Part 2 Of Wadadli Experience Adventures
The group found themselves traveling on a calm and seemingly endless ocean with nothing in sight but infinite darkness. The engine stopped several times briefly, but the last time it did they had trouble restarting it. The group drifted precariously in the dark for awhile attempting to restart the engine. By the time it started, they had no sense of directions as to where they were.
At that point, fear and ambiguity began to dampen the enthusiasm felt earlier on the journey. Audrick the Barbuda had agreed to help with navigating since it was a trip he made very often, but in the pitch of the darkness, neither Audrick nor Evil Canevel had the slightest clue whether they were heading east, west, north or south.
Naturally, Kumasi became the target, and some of the guys start blaming him for deciding to embark on what seemed like a suicide mission. Surprisingly, Kumasi remained relatively calm and unperturbed by the venting of anger towards him.
He manages to allay the fears of the group by hinting that he was confident that even though they drifted for a while, they were still on course and heading in the direction of Coco Point Beach on the south coast of Barbuda. The engine held steady as they pressed on ostensibly in the right direction.
Suddenly, a faint light appeared in the distance and was getting brighter and brighter. The sand and shoreline of Coco Point beach were becoming visible, and Barbuda slowly emerged like a gigantic dragon lying in their path.
Realizing they were just minutes away from the island, the group began singing and chanting as they approached the beach, only when the hit the sand they start to realize that a strange phenomenon had taking place amidst the fear and apprehension on the journey.
It was the unexplained silence of the ocean and complete absence of any waves on the journey. Just as they began to offload the instruments on the beach, the first set of waves started to ripple onto the sand as they removed the boat from the water.
The significance of what had accrued did not sink in at the moment; what was rather obvious and annoying, they landed on a beach infested with swarms of mosquitoes and sand flies. The guys were hungry, so they lit a fire and started roasting some of the ground provisions, while Audrick and Cabu ran to the village to get transport.
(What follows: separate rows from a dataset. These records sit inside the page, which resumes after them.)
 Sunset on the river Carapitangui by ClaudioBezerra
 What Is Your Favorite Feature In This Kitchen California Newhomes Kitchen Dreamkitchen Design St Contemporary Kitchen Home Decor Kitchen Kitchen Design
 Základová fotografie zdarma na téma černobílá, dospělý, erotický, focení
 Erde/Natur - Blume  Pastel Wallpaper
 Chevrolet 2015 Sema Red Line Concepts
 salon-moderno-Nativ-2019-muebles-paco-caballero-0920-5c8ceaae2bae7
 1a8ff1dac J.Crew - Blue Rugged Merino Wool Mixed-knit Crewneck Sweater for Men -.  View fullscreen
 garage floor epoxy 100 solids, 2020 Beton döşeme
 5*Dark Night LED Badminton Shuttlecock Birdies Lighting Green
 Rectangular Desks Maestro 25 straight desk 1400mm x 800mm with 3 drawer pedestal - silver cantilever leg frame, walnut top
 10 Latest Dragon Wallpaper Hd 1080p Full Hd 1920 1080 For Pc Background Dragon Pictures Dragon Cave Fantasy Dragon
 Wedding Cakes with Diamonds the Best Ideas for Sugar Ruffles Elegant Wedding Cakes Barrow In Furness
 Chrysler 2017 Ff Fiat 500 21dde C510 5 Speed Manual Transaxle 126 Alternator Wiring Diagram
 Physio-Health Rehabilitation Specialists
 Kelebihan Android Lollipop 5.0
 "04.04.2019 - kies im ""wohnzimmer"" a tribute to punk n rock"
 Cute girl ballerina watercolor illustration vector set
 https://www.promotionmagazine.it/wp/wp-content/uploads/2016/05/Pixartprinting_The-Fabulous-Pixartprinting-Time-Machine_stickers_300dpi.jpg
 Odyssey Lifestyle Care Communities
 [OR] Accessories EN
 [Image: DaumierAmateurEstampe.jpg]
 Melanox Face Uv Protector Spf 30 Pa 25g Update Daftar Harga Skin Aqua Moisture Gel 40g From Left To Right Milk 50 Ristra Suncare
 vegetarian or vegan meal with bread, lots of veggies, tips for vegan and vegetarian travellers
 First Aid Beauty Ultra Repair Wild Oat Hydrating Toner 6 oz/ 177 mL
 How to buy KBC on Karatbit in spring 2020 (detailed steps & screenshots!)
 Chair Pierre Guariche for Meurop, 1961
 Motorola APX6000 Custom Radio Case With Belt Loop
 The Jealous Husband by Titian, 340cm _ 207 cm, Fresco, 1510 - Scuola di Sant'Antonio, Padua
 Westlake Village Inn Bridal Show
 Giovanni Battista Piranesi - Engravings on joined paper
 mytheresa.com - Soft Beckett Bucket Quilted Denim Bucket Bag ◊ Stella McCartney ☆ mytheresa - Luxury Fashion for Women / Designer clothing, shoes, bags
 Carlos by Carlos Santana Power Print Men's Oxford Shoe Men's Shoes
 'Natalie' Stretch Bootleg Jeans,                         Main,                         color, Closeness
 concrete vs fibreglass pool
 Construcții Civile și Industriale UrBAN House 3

The band did not reach Barbuda in time to play on a Friday night, by time Cabu got to the Green Door Tavern to notify (Profit) the owner that the band had just arrived, Profit and the few people still lingering at the tavern was shocked and in disbelief. He quickly arranged for a Tractor to go and get the rest of the group.
The next day when the news broke that Wadadli came after midnight on Friday, they were baffled, they Referred to the group as Jesus and his disciples. They asked the guys "How come de police them na stap ayou? Nur man come a Babuda a night anless dem a gard."
When they went back to the beach to secure the boat the next day, they were shocked and surprised. It was only then The significance of what had accrued the night before begging to sink in. The ocean was angry, crashing powerful and dangerous waves onto the beach and exposing the treacherous rocks and reefs they had unknowingly cross over the night before. Barbuda people refer to them as "Barbuda police and defense force."
Despite the group's ignorance, Wadadli had accomplished something prohibited because of the grave dangers, and they did it in total defiance of Antigua maritime laws. That was the moment that defined the group not just as musicians, but as Wadadli Warriors.